\( \newcommand{\smoothedasmp}{\texttt{SMOOTHED\_ASMP}} \newcommand{\bsplineasmp}{\texttt{BSPLINE\_ASMP}} \newcommand{\objfunc}{S} \newcommand{\minage}{\alpha} \newcommand{\maxage}{\beta} \newcommand{\knotspacing}{\delta x} \newcommand{\bmat}{B} \newcommand{\bvec}{\theta} \newcommand{\diff}{\Delta} \newcommand{\migprob}{q} \newcommand{\smigprob}{\tilde{\migprob}} \newcommand{\pen}{\lambda} \newcommand{\tofunc}{f} \newcommand{\fromfunc}{\tofunc^{-1}} \newcommand{\nbasis}{n} \newcommand{\degree}{m} \newcommand{\order}{k} \newcommand{\xinfovar}[1]{\textit{#1}} \newcommand{\xinfoval}[1]{\texttt{#1}} \newcommand{\ceil}[1]{\left\lceil #1\right\rceil} \newcommand{\nintern}{n} \)

Smoothed ASMP

This build method smooths a migration curve using P-Splines. Given migration probabilities \(\migprob_x\) for \(x=0,1,2,\ldots,\omega\), B-Spline functions \(\bmat_j(x)\) of degree \(\degree\) defined on knots \(\minage,x_1,x_2,\ldots,x_\nintern,\maxage\), and weights \(\bvec_j\), the smoothed migration probability \(\smigprob_x\) is given by \begin{equation} \smigprob_x=\left\{\begin{array}{ll} \fromfunc\left( \sum_{j=1}^\nbasis\bmat_j(x)\bvec_j\right) & x\in [\minage,\maxage]\\ \migprob_x & \mathrm{otherwise} \end{array}\right. \end{equation} where \(\tofunc(\migprob)\) is a transformation function. The weights \(\bvec_j\) are chosen to minimise the objective function \begin{equation} \objfunc=\sum_{x=\minage}^\maxage\left\{\tofunc(\migprob_x) -\tofunc(\smigprob_x)\right\}^2 +\pen \sum_{j=\order+1}^\nbasis\left(\diff^\order\bvec_j\right)^2 \end{equation} where \(\diff^\order\) is the the \(\order\)-order difference operator and \(\pen\) is a non-negative penalty.
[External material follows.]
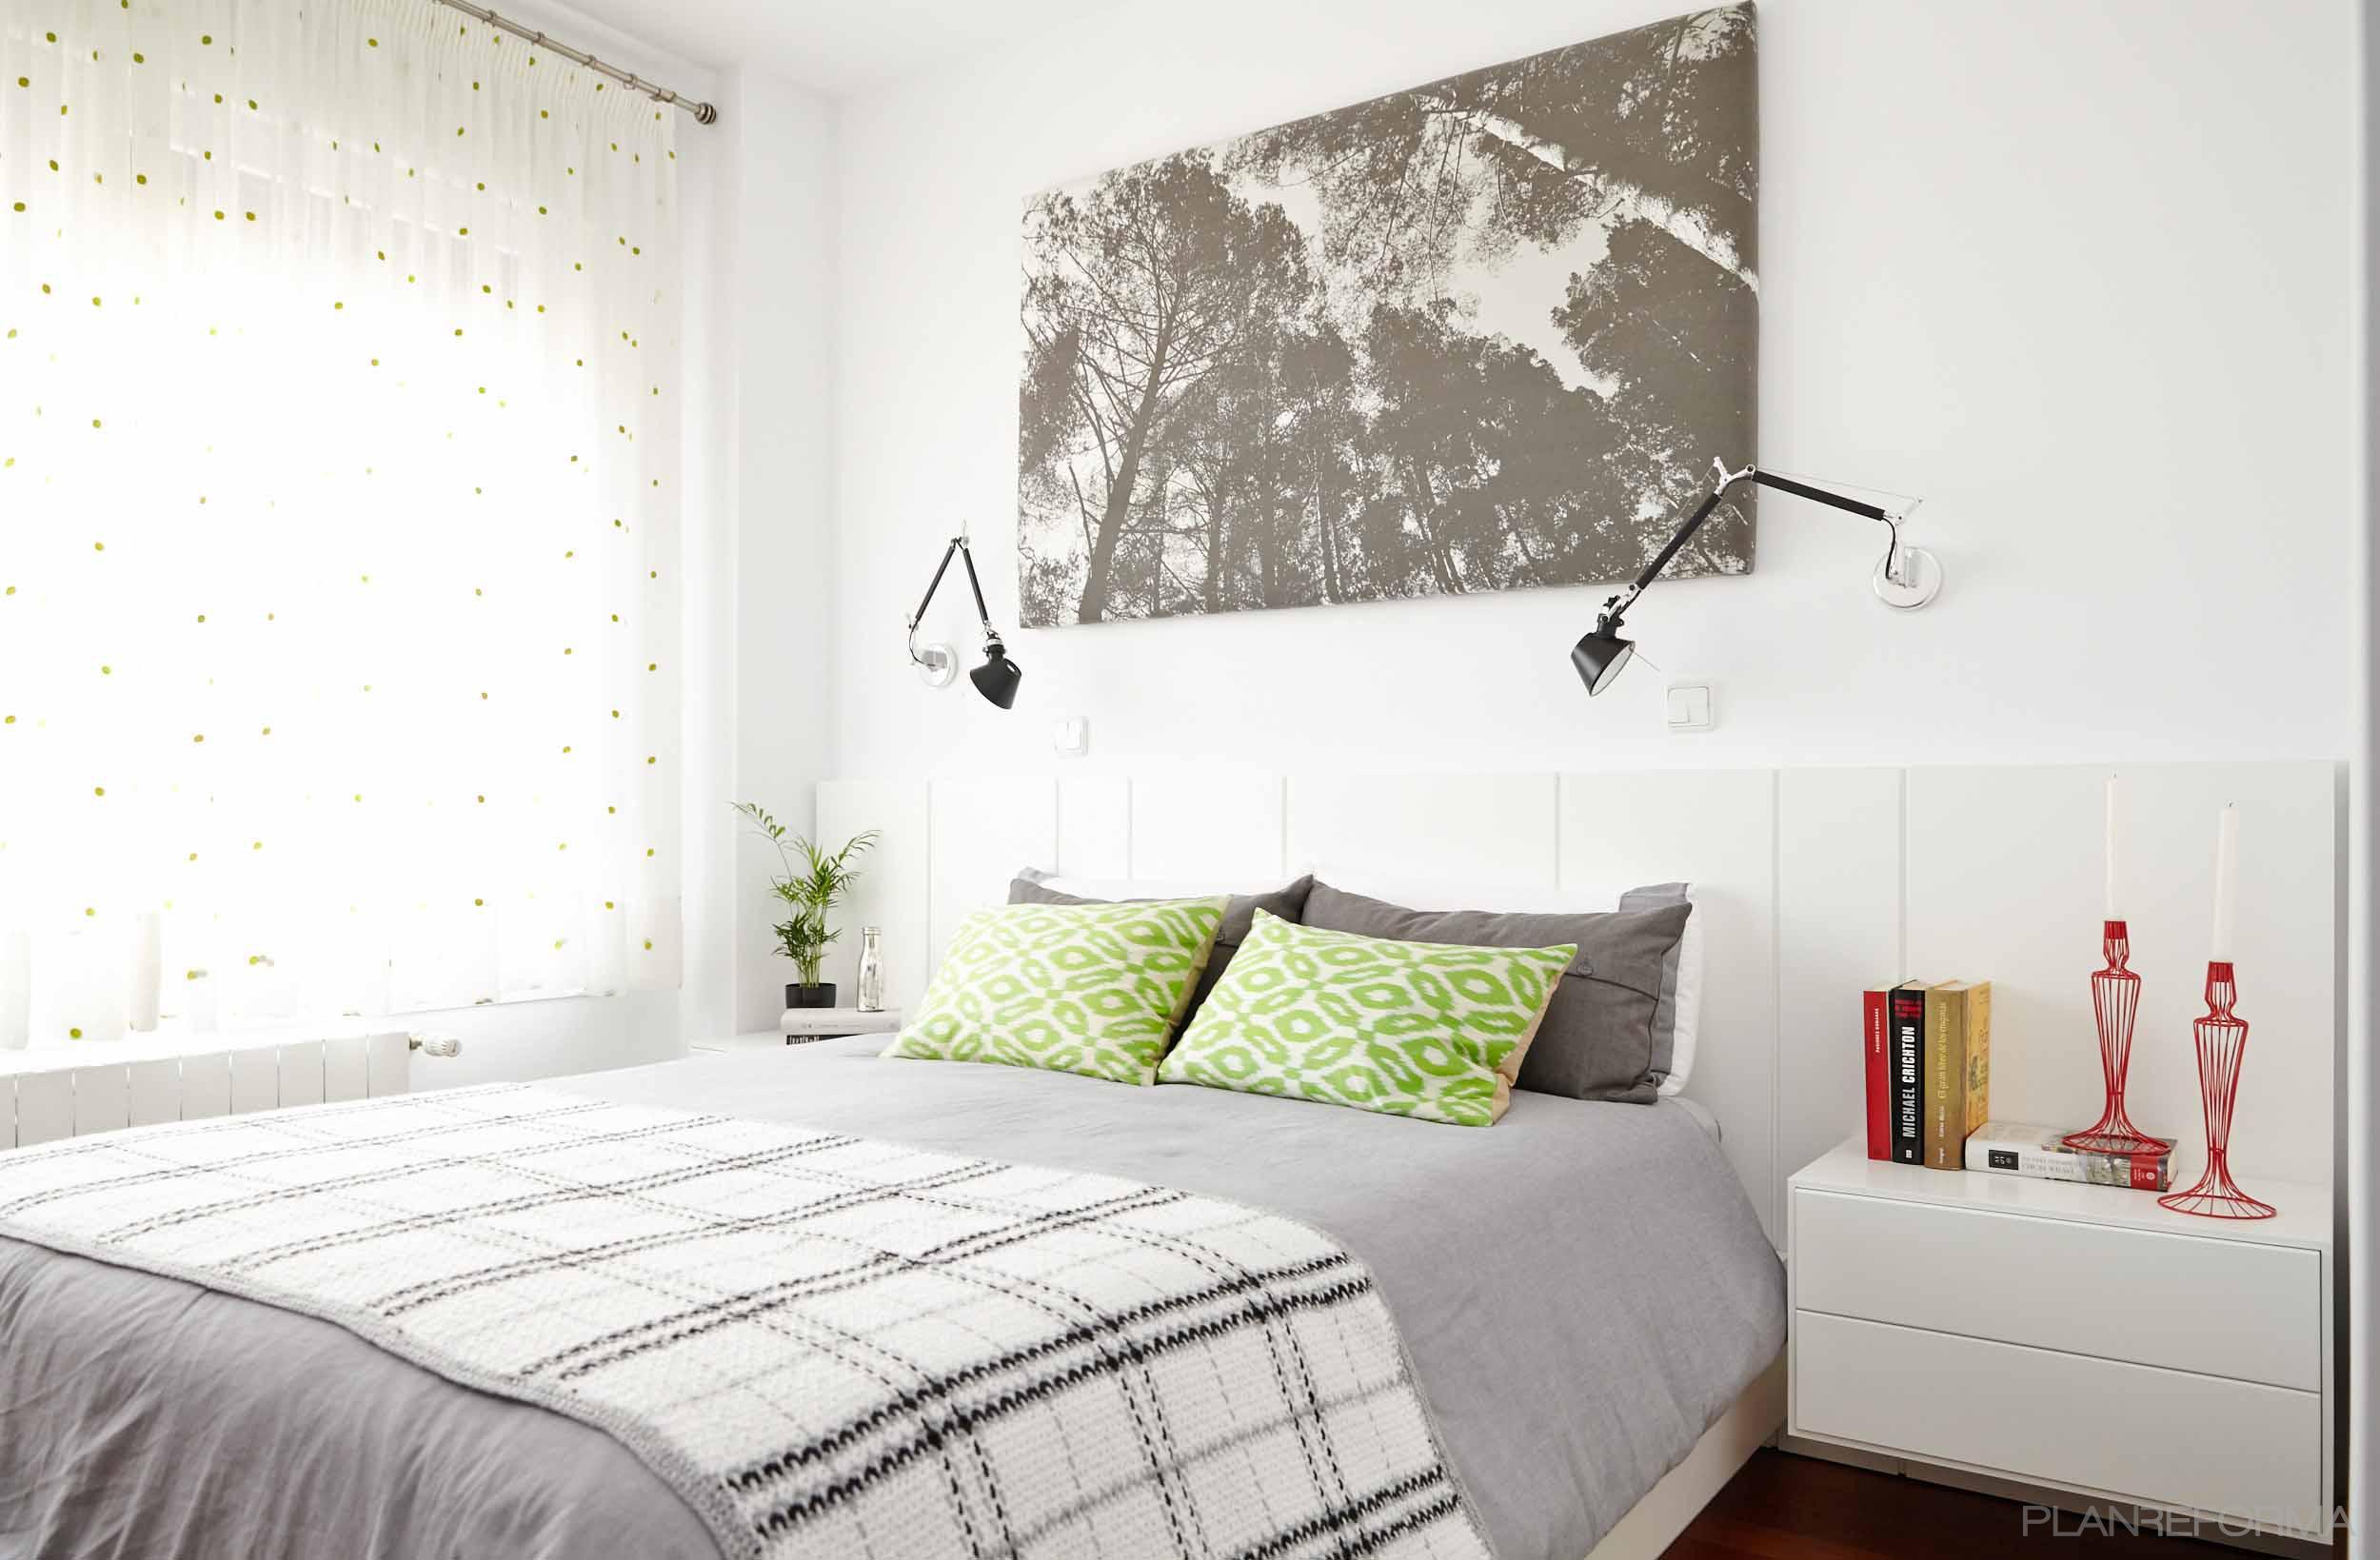 Dormitorio style moderno color beige blanco gris for Dormitorios color blanco
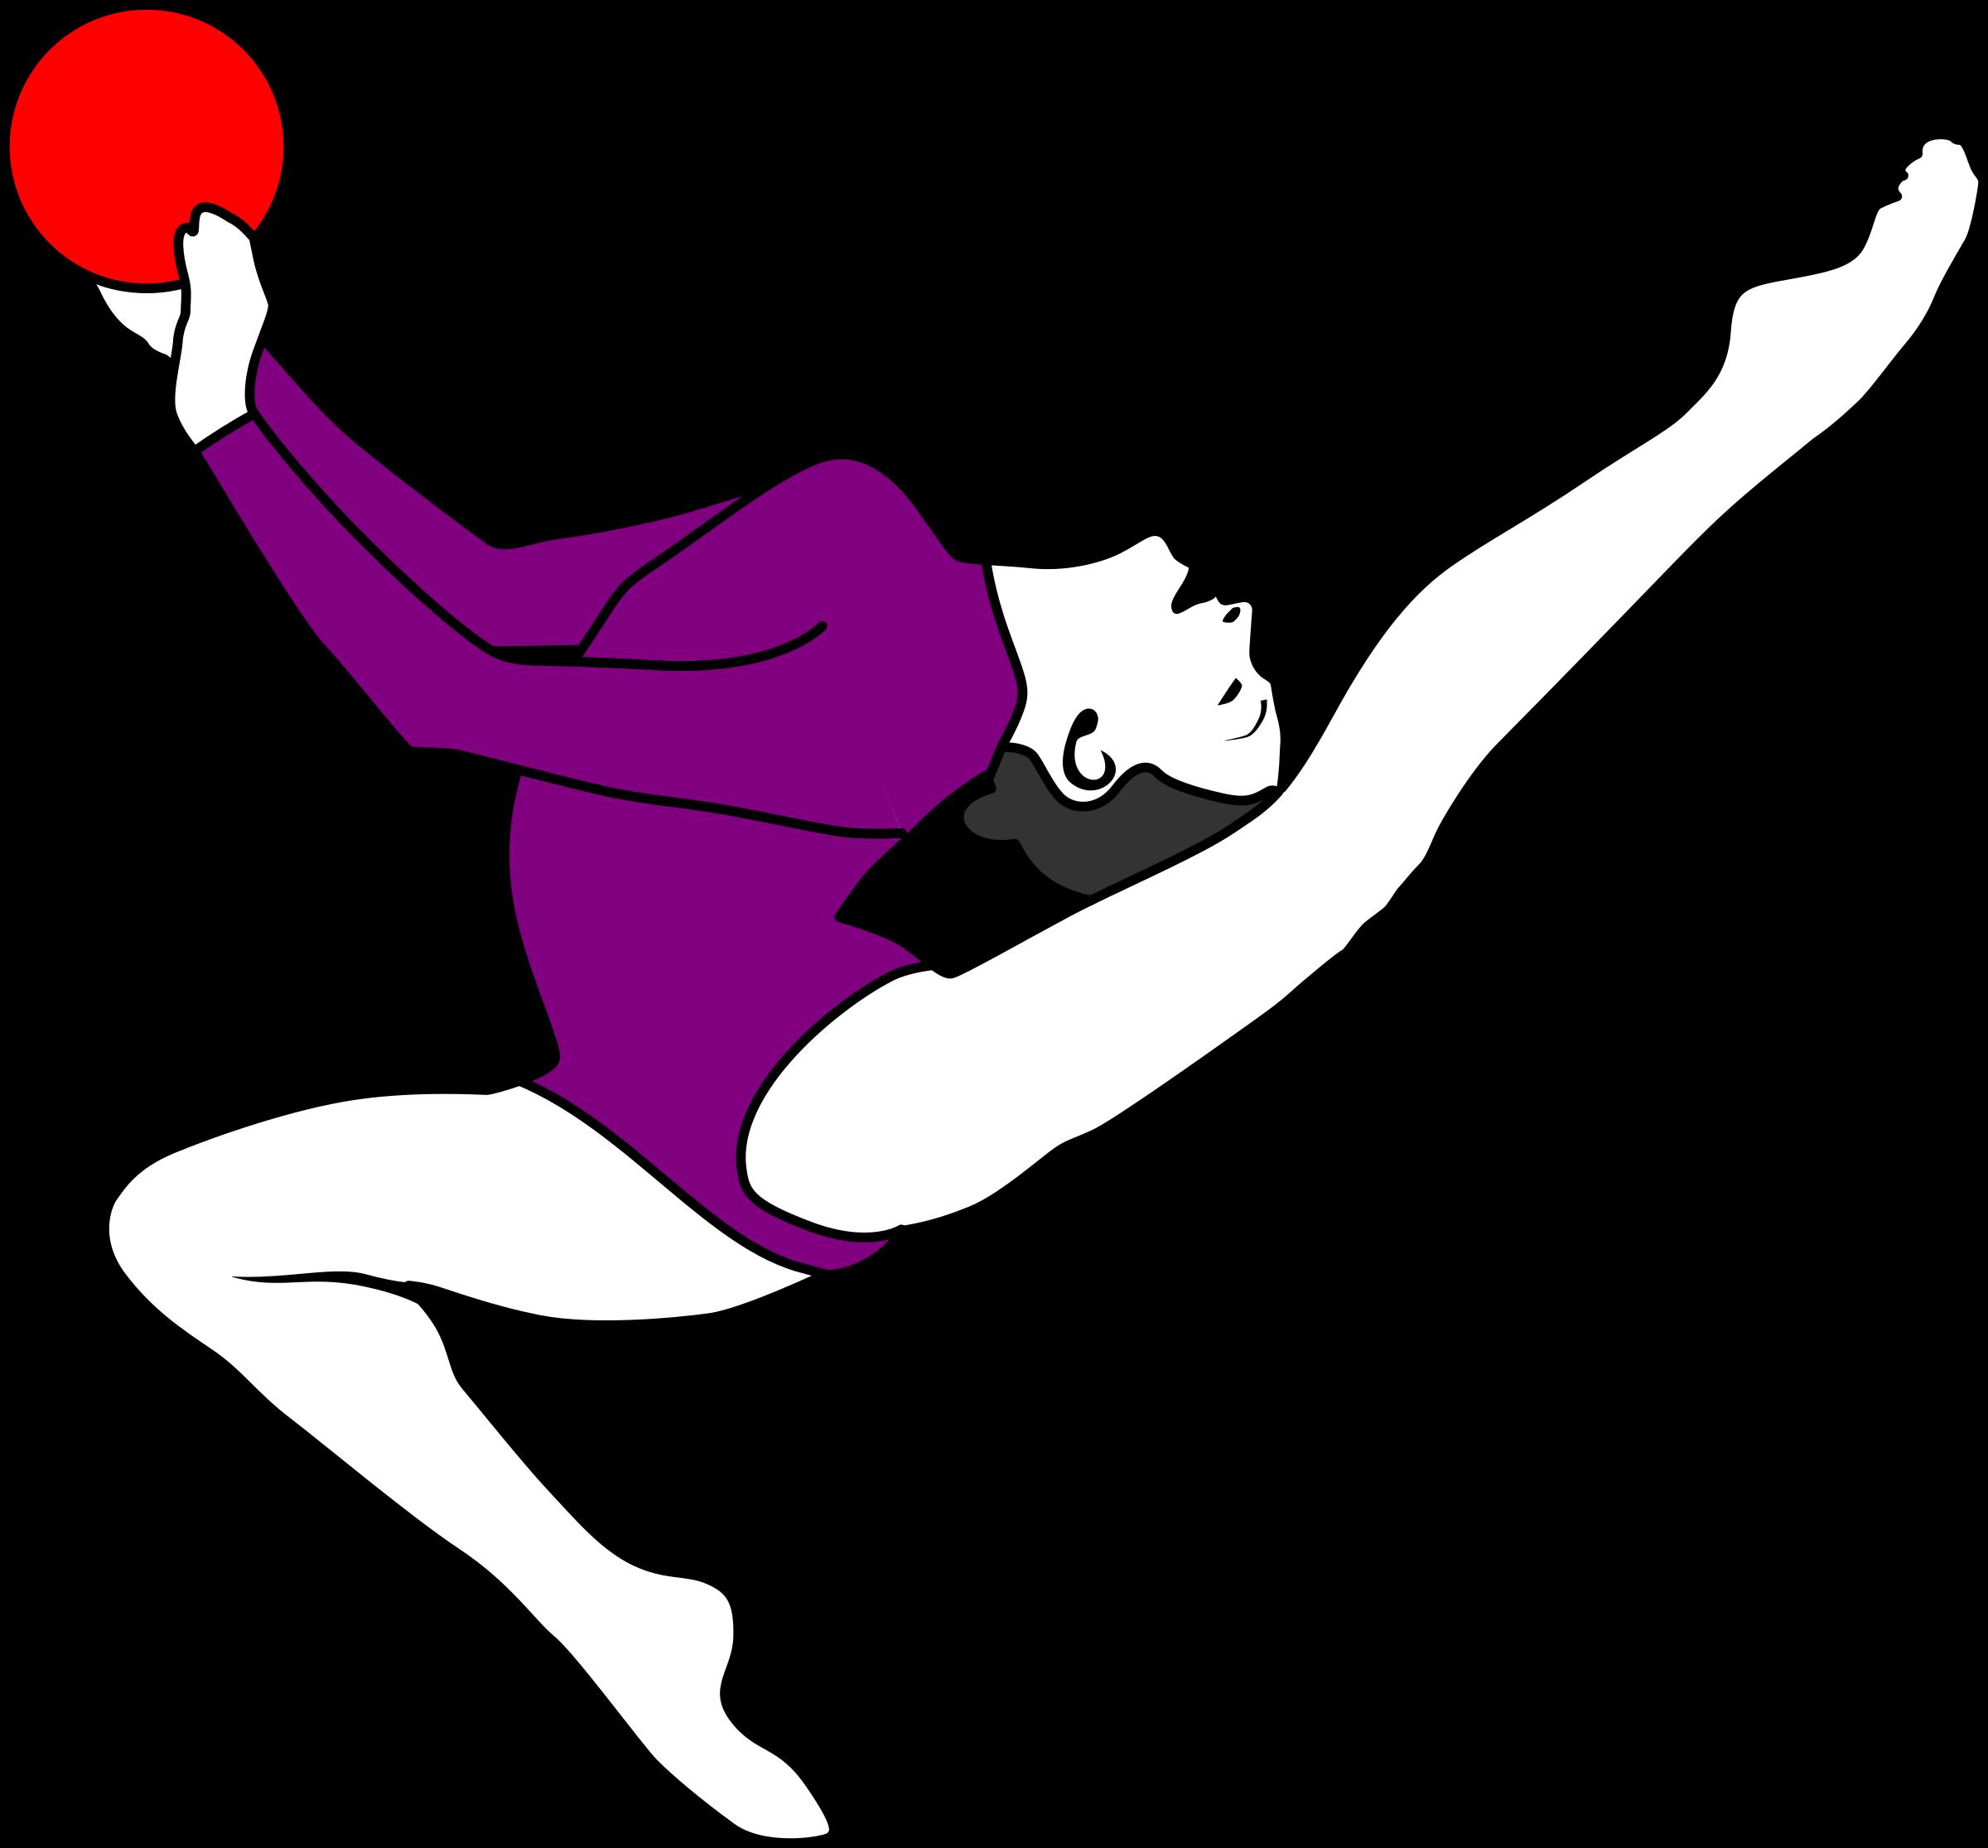 Gymnast clipart rhythmic gymnastics Gymnastics Girls Rhythmic Image

The build method BSPLINE_ASMP is the special case \(\pen=0\).

Extra Information

The default behaviour can be modified by appending an extrainfo string to the buildmethod, eg SMOOTHED_ASMP:ExtraInfo. Here ExtraInfo is a comma-separated list of quoted strings of the form "Parameter=Value".

ModelType
The transformation function \(\tofunc(\migprob)\) is controlled by the extrainfo string "ModelType=type"} where \begin{equation} \tofunc(q) = \left\{\begin{array}{ll} q, & \xinfovar{type}=\xinfoval{LINEAR}\\ \log q, & \xinfovar{type}=\xinfoval{LOG} \end{array}\right. \end{equation} The default value is ModelType=LINEAR.

Degree
The value for the degree \(\degree\) can be set with the extrainfo string "Degree=\(\degree\)". The default value is \(\degree=2\).

Order
The value for the order \(\order\) can be set with the extrainfo string "Order=\(\order\)". The default value is \(\order=1\).

Knots
There are two ways to set the B-Spline knots. The first way is to set the minimum and maximum ages using extrainfo strings "MinAge=\(\minage\)" and "MaxAge=\(\maxage\)" respectively. The internal points are then equally spaced upwards from \(\minage\) \begin{equation} x_i = \minage + \knotspacing\times i,\quad i=1,\ldots,\nintern \end{equation} where \begin{equation} \nintern=\ceil{\frac{\maxage-\minage}{\knotspacing}}-1 \end{equation} and the spacing \(\knotspacing\) is specified by the extrainfo string "KnotSpacing=\(\knotspacing\)". The default values are \(\minage=0\), \(\maxage=90\) and \(\knotspacing=2\). The second way is to set the knots explicitly using the extrainfo string "Knots=\(\minage\)|\(x_1\)|\(x_2\)|\(\ldots\)|\(x_\nintern\)|\(\maxage\)".

Penalty
The value for the penalty \(\pen\) can be set with the extrainfo string "Penalty=\(\lambda\)". If \(\pen\) is negative then it is chosen to minimize the Bayesian Information Criterion. The default value is \(\pen=-1\).